We had seen God in his splendors, heard the text that Nature renders.  We had reached the naked soul of men.” — Ernest Shackleton

One Essential Insight

Welcome to 2021!

The New Year’s edition of the Economic Prism is a place of wild conjecture.  This is where we squint our eyes and peer out 12 months through our proprietary prism and report back what we discover.

Make no mistake, 2021 will be the year where everything under the sun happens precisely as it should.  Some good.  Some bad.  Each day shall unfold before you with reciprocal imbalance.  You can bet your bottom dollar on it.  But what else?

Will gold top $3,000 per ounce?  Will bitcoin hit $100K?  What about the S&P 500, the yield on the 10-Year Treasury note, and the price of oil?

Will collateralized loan obligations (CLO) be roiled by mass corporate defaults?  Will Walmart run out of toilet paper?  Are we fated for complete social distortion?  Did WWIII just commence in the South China Sea?

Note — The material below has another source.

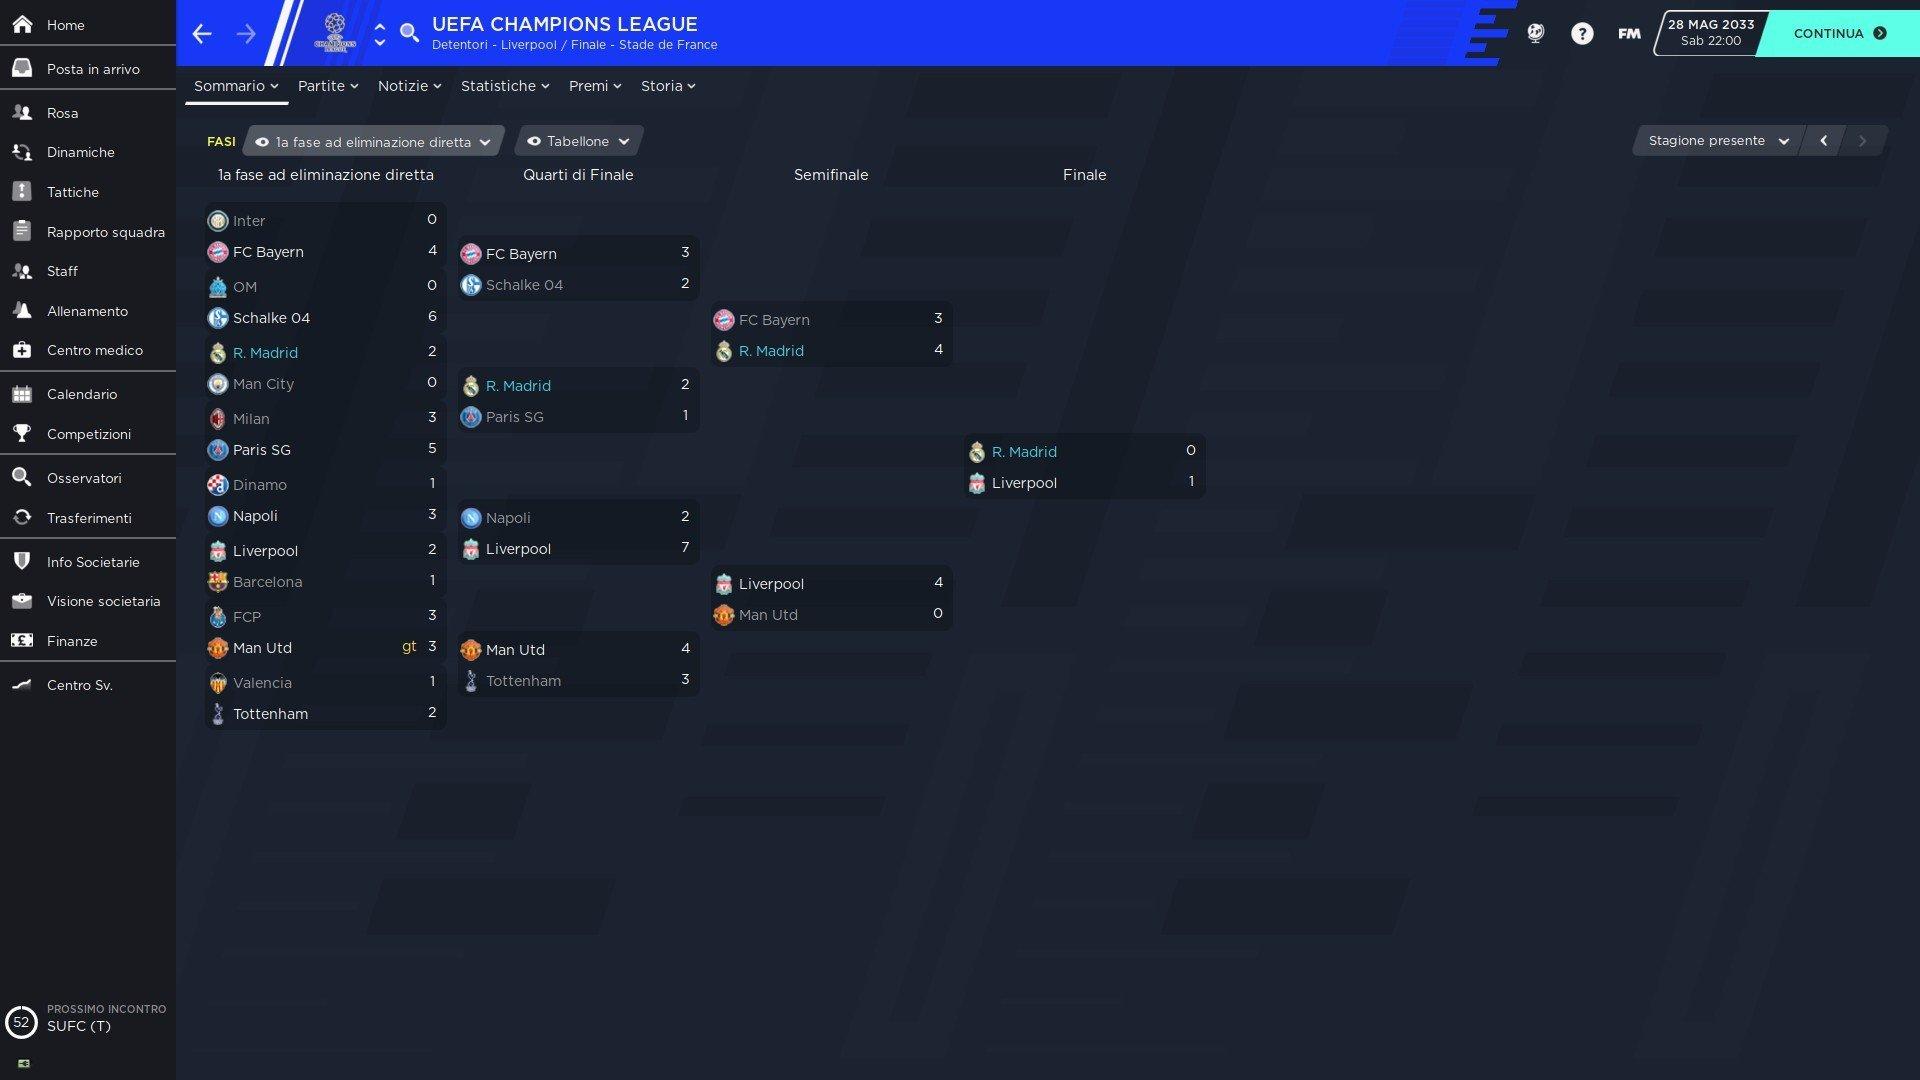 5 tabellone Champions

The answers to these questions we’re leaving to you this year.  Trust your gut.

After a dismal 2020, and with Joe Biden returning to the White House, we’re eschewing predictions of the 12 months before us.  Why bother?  The Fed’s already said it will leave interest rates near zero through 2023.

Instead, we’re doing something different.  With humility and modesty we’ve zeroed in on one essential insight.  Our objective is to provide you something of practical value; something that’ll help you navigate through the 2021 unknown.